--- RECORDED DATA Enclosed Below ---

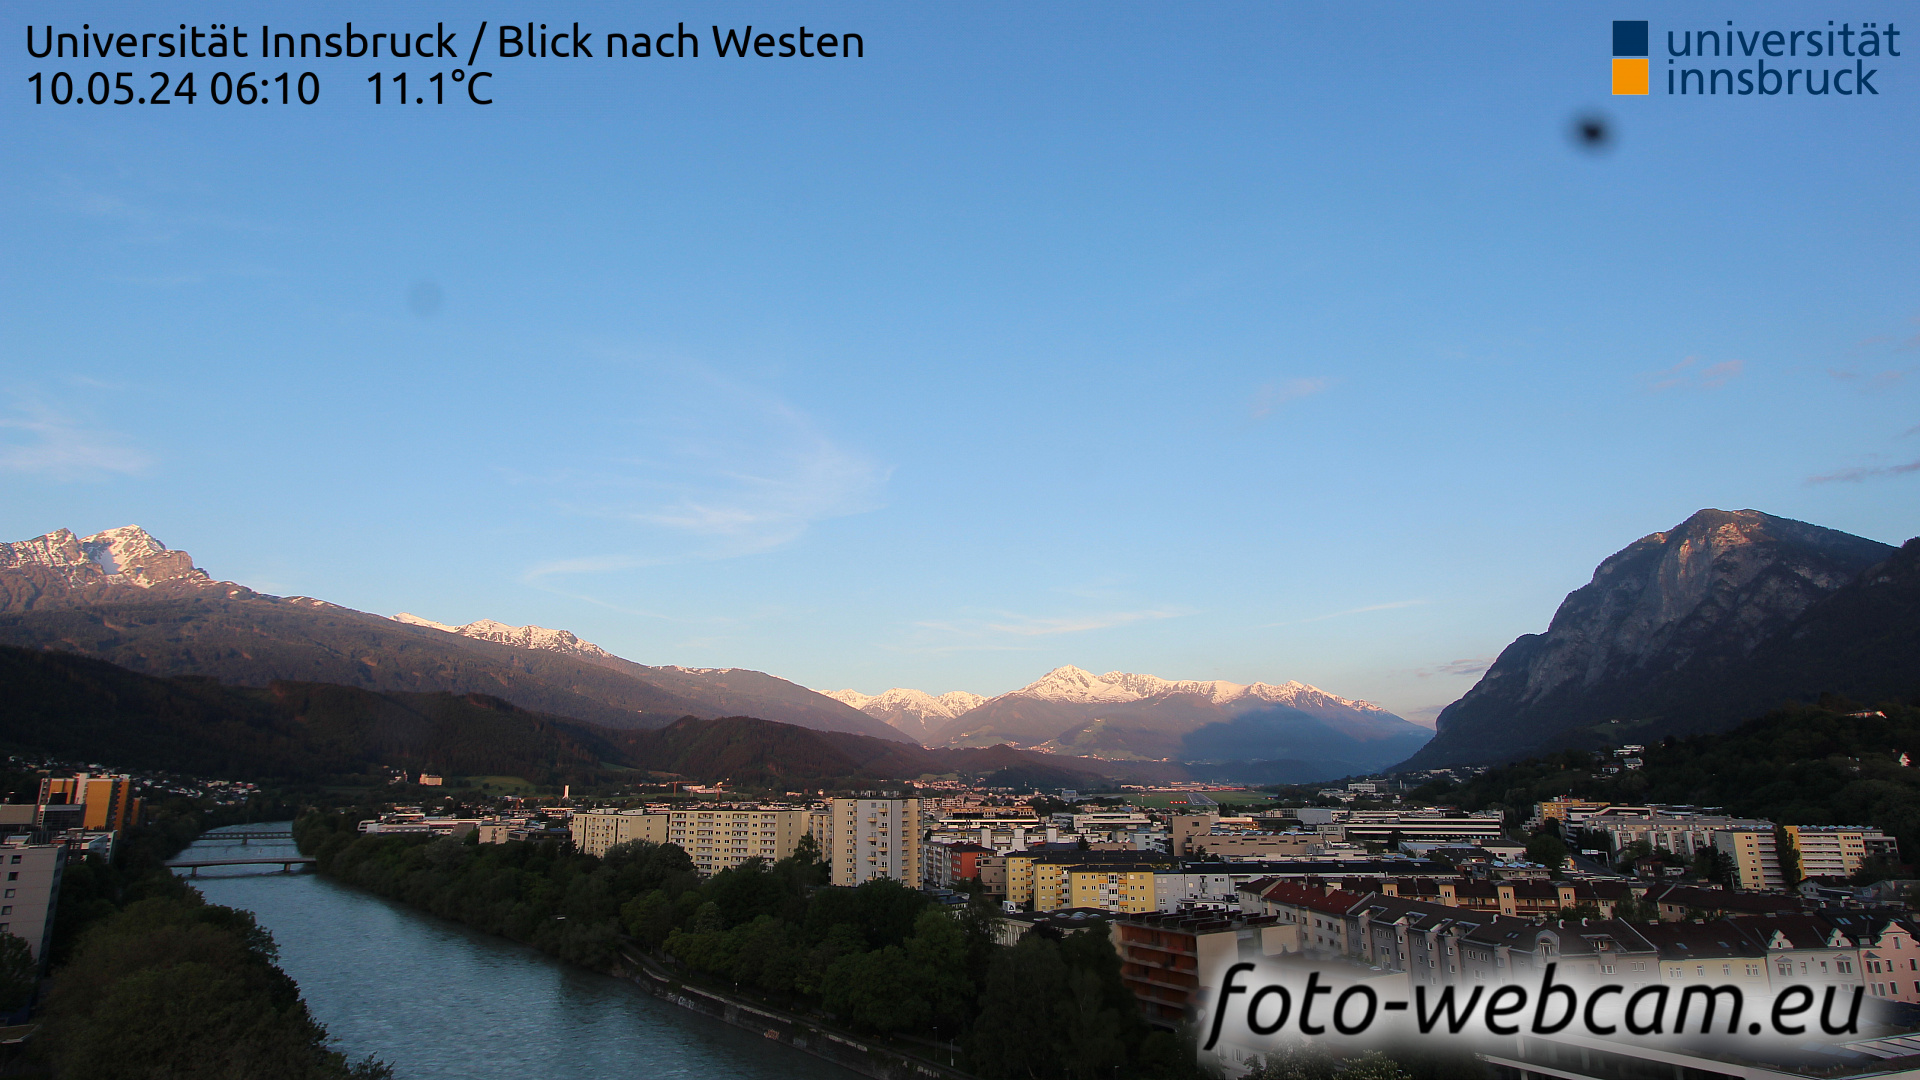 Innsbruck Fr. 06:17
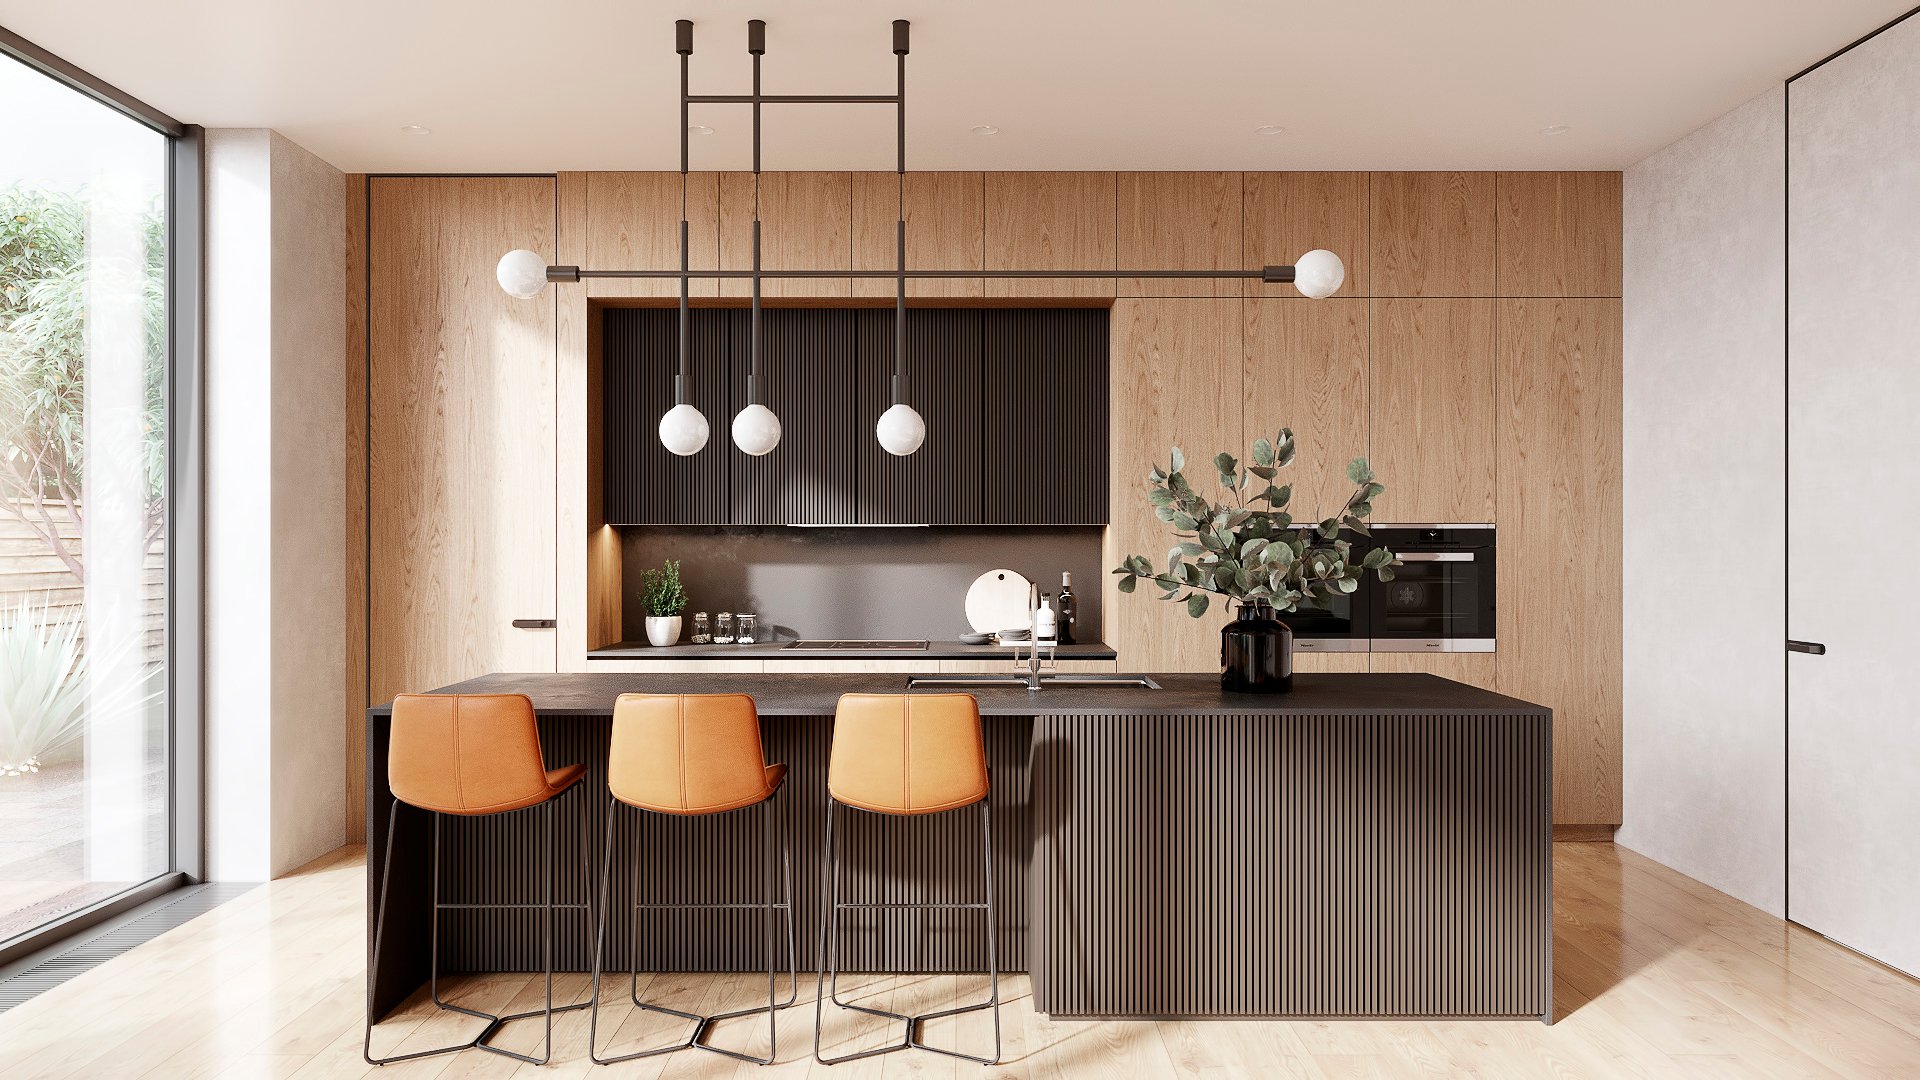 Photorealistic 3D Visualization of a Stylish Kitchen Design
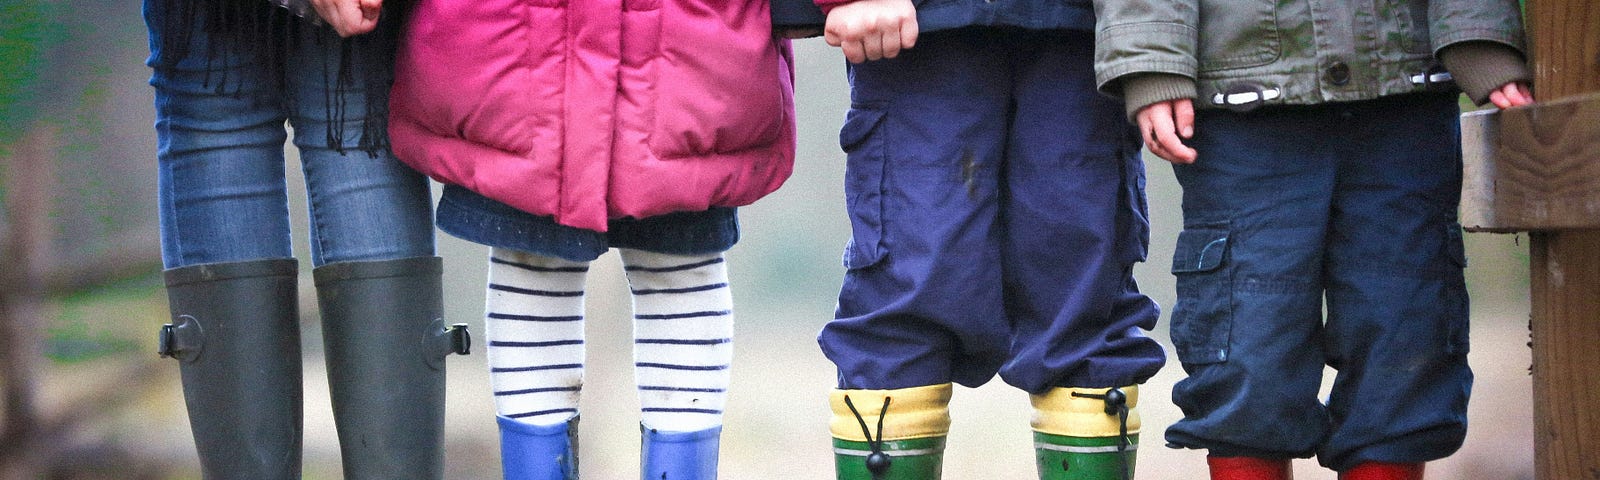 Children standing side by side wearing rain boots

--- End of Enclosed RECORDED DATA ---

§ WORK INSTRUCTION
The listing is to be reproduced in full and exactly, except that its pictures are to be dropped.

§ RESULT OF THIS EXERCISE
 Innsbruck Fr. 06:17
 Photorealistic 3D Visualization of a Stylish Kitchen Design
 Children standing side by side wearing rain boots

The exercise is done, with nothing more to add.